VisualARQ3 では、いくつかの新機能が実装されています。本記事では、建築モデルの編集をより直感的かつ効率的に行うための「延長 (Extend)」機能についてご紹介します。
主な特徴
VisualARQ3から実装された「延長」機能は、壁、カーテンウォールまたは柱などを他のジオメトリに合わせて上下方向に延ばし、自動的に形状を調整するものです。形状が複雑に交差する建築モデルでも、正確な接続(拡張)を簡単に実現できる点が、この機能の大きな特徴です。

操作手順
コマンドとしては、壁の場合は vaWallExtend、カーテンウォールの場合は vaCurtainWallExtend、柱の場合は vaColumnExtend を使用します。

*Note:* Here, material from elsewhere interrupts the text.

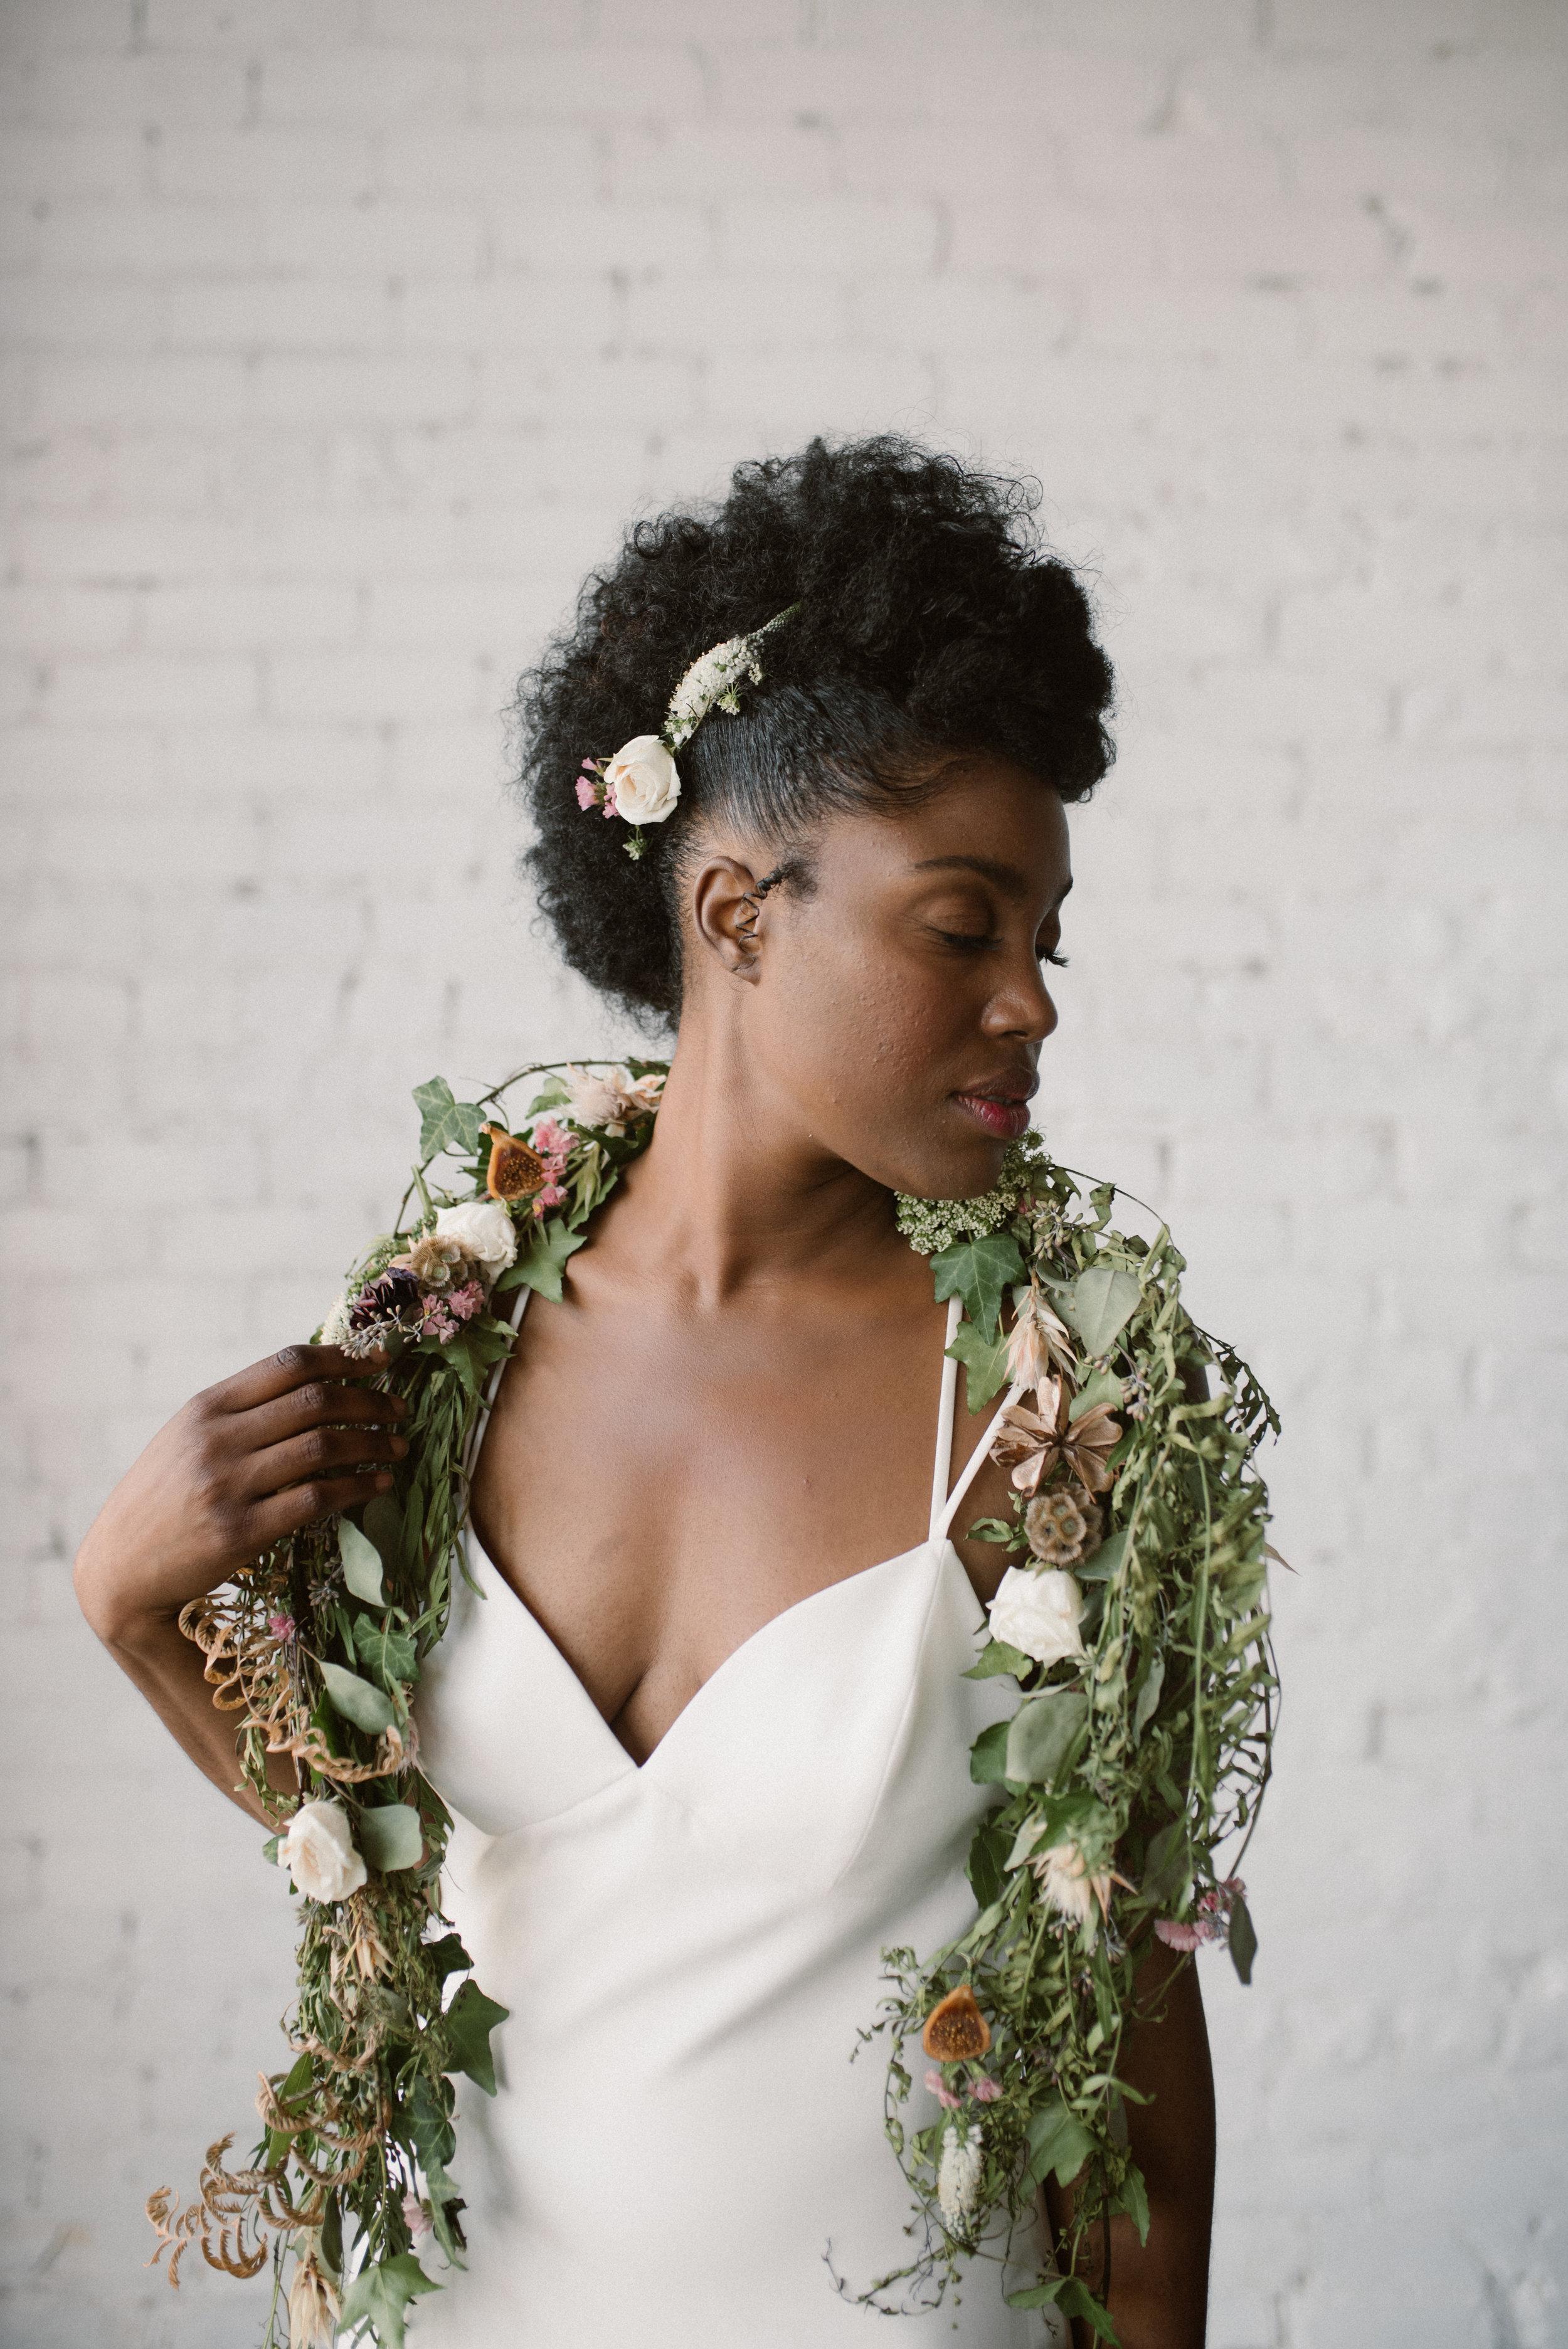 haus-820-minimal-editorial-wedding-styled-shoot-77.jpg

操作は非常にシンプルです。たとえば、延長したい壁を選択します。次に、延長の方向(上または下)を指定し、延長先となるジオメトリを選択します。すると、指定した方向に壁が延長され、対象のジオメトリに自動で接続されます。また水平(または垂直)の延長矢印を使用することでも、他のオブジェクトに接続することができます。

活用例とそのメリット
この延長機能は、特に屋根や階段のように断面形状が一定でない建築要素との接続に強みを発揮します。たとえば、傾斜屋根に合わせて壁を正確にカットしたり、床の高低差に合わせて壁の下端を延長することで、上下方向のジオメトリと自然に接続させることができます。これにより、従来のように手動でトリムやブーリアン操作を行う手間が大きく軽減されます。また、設計変更が生じた際にも、延長先のジオメトリに応じて再びコマンドを実行することで、素早くモデルを調整することができます。
本機能の最大の利点は、BIMモデルとしての一貫性を維持しながら、Rhino特有の高いモデリング自由度を実現できる点にあります。建築設計においては、形状の自由度とデータの構造化との両立が常に課題とされていますが、その点においても本機能は非常に有用です。

延長(Extend)機能は、Rhino×VisualARQによる建築モデリングにおいて、構成部材同士の接続を自動化し、作業効率とモデルの一貫性を高めるための非常に有効なツールです。複雑な形状に対応しながらも、操作はシンプルで直感的ですので、ぜひご活用ください。